Detonar o socialismo é o mais fácil. Os manifestos do século XIX já desenham este modelo como a “ditadura do proletariado”, e não exagero na declaração. Marx já antecipava as monstruosidades de Stálin, elas são necessárias para que o modelo funcione.

Se o socialismo não consegue resistir a se materializar como ditadura, a anarquia já está aí. Os países, se vistos como indivíduos em uma comunidade mundial, agem sem nenhum controle. Como canta Neil Hannon em Generation Sex, the poor protect the wealthy in this world. Como sói ocorrer em distopias futuristas pós-devastação, os fortes devoram ou escravizam os fracos, ou, como cantavam os Titãs quando vivos, cada um por si e deus contra todos.

Monbiot conclui que a democracia ainda é o melhor sistema para governar países, e, porque não, o mundo. A democracia, segundo ele, restou como um dos bastiões da resistência à globalização. A democracia, quando, existe, só consegue ir até as bordas do país. Fora das fronteiras dele é a terra sem lei, campos de batalha onde as nações ricas devoram os minguados rendimentos das nações pobres em nome de dívidas.

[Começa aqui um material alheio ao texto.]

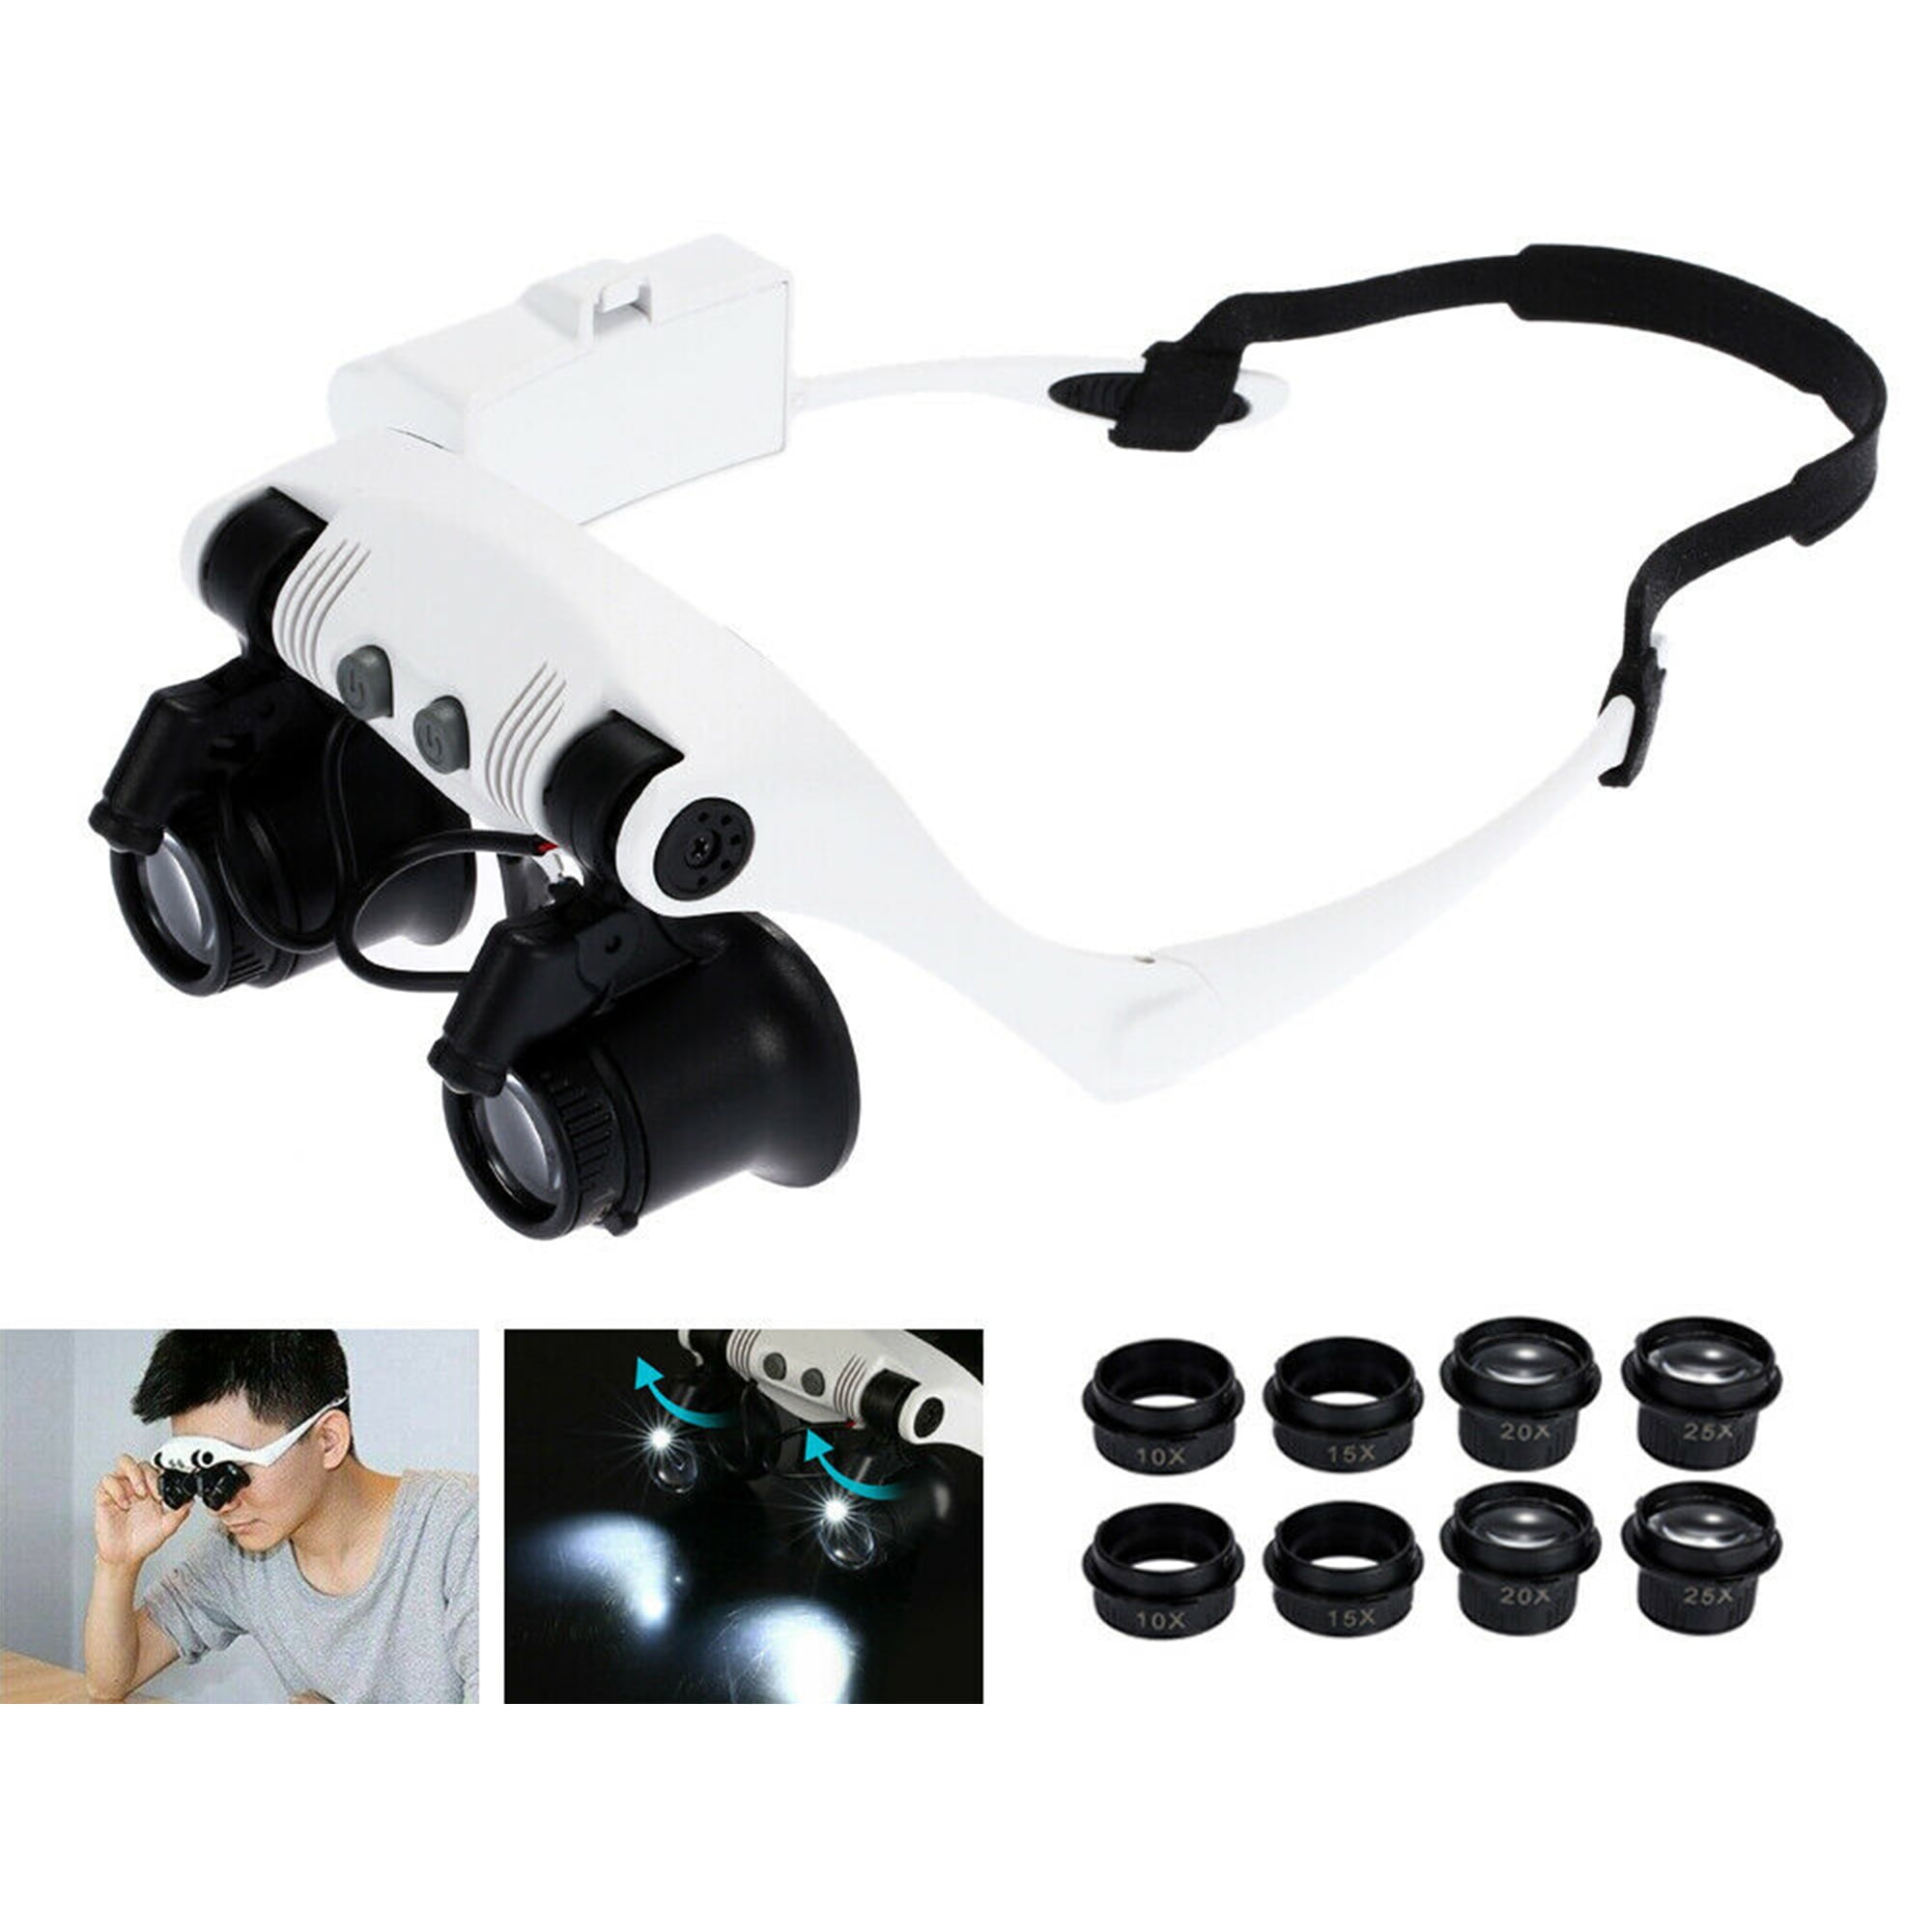 LED Magnification Glasses With Lights With 10X 25X Lens For Jewelry And  Watch Repair From Dhgate_shop168, $14.52

O livre-mercado, mais uma vez, é apresentado como uma cantilena encantatória das corporações a devorar os trabalhadores. Estes, por sua vez, lutam entre si pelo magro quinhão que lhes é destinado pelos ricos. É incrível como tem assalariado disposto a defender os direitos das corporações; encanto semelhante exerce a família real britânica, mas poucos percebem que é o mesmo feitiço que atinge os néscios que levam a sério uma palhaçada como foi a disputa entre Apple e Samsung pela patente do formato do canto do telefone esperto para usuários otários.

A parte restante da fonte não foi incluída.